For comparison’s sake, let’s take a look at how often other possessions lead to goals. Thanks to Alex at Tempo-Free Soccer, we can estimate that an average team gets about 4,500 possessions in a season. Here’s how those 4,500 possessions end for a league-average team.

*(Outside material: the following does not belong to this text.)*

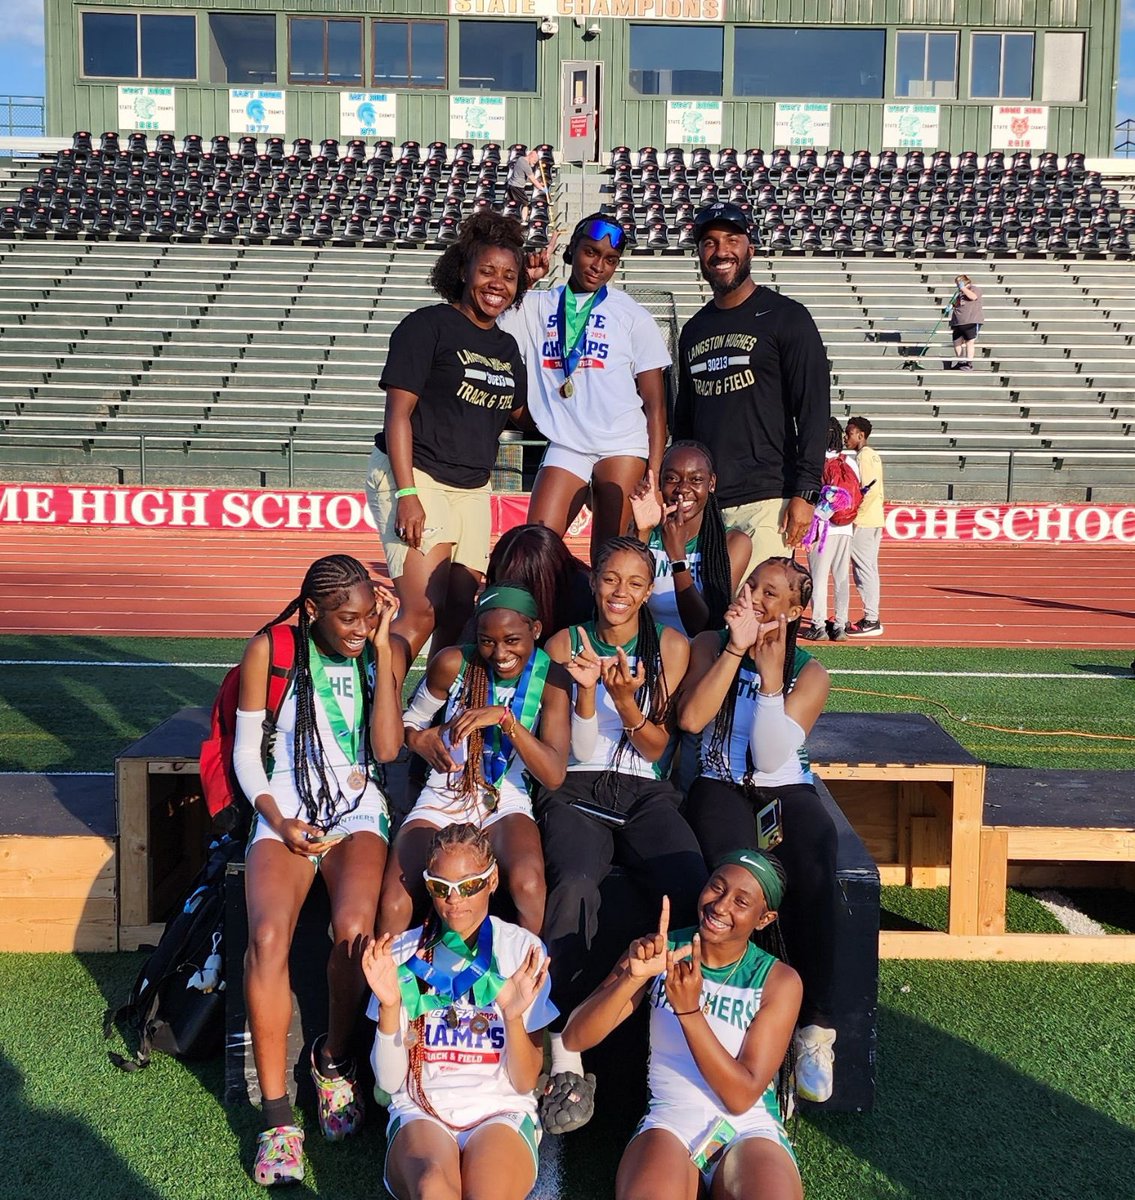 Boys: Back to Back State Champs Girls: 7th overall in 6A The continual growth of this program is amazing & I’m blessed to be apart of it! @wcann33 @LHughesSports @ps_nation_ @MilesplitGA @Justin_FOX5 @MinorityTFXCGA
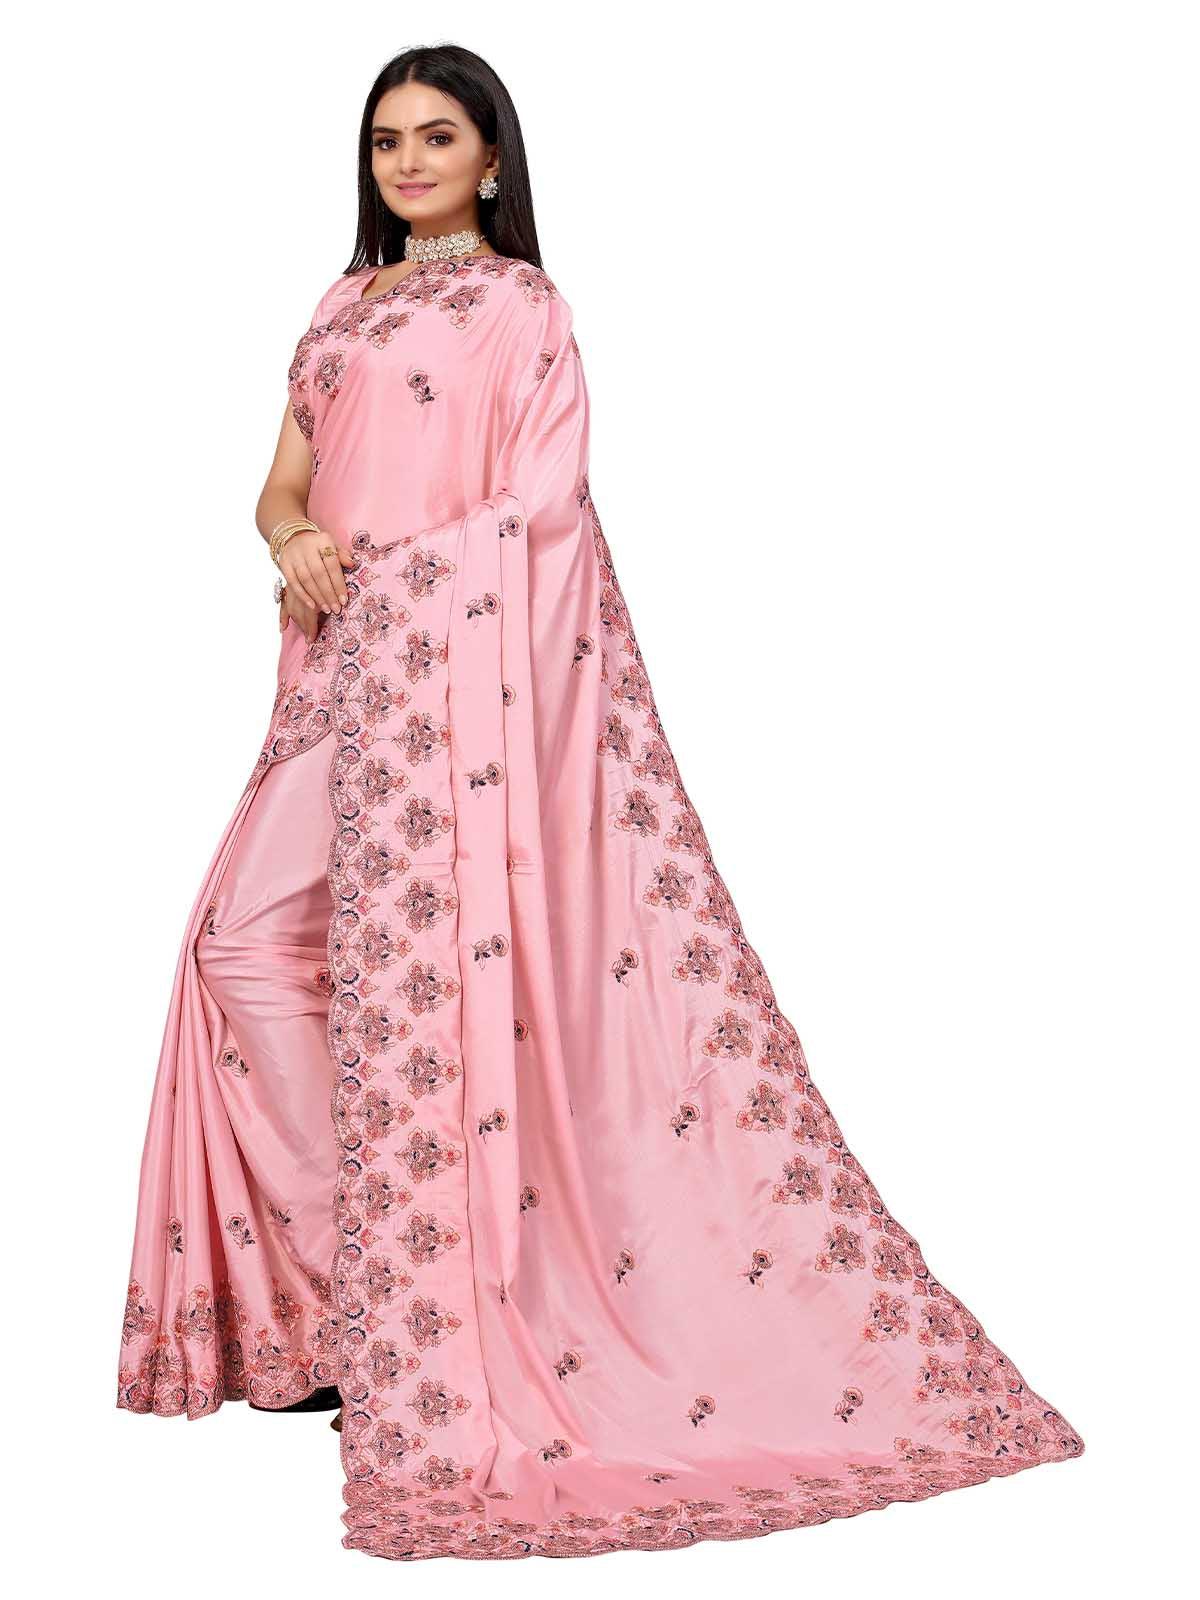 Women's Pink Pure Silk Embroidered Saree With Blouse - Odette

End in… Possessions Shots Shots/Poss Goals Goals/Poss Finish%
Corner 170 60 0.353 4.3 0.025 7.2%
Attacking 3rd* 2,030 375 0.180 40.0 0.019 10.7%

We can see that, while corner kicks produced about twice as many shots per possession than typical attacking-third possessions, they only led to about 25% more goals per possession due to packed boxes and low finishing rates. But not all attacking-third possession are equal, and it seems as though many of the possessions that lead to corners come from attacking-third possessions that are deeper in the opponent’s territory. As the attacking-third possessions get closer and closer to goal, they probably become more dangerous than corner kicks. It may be more correct to say that teams don’t earn corners, but rather, they settle for corners.

These numbers aren’t as precise as I’d like, but they still sobered me up a little for corner kicks. But no promises that I can keep my cool if the Timbers are facing a corner in the waning seconds stoppage time.

*Teams typically lose possession on bad passes about 89 times per match, and about 43.5 of those instances occur in the attacking third according to OPTA data. This led to a 48.8-percent estimate of possessions ending in the final third.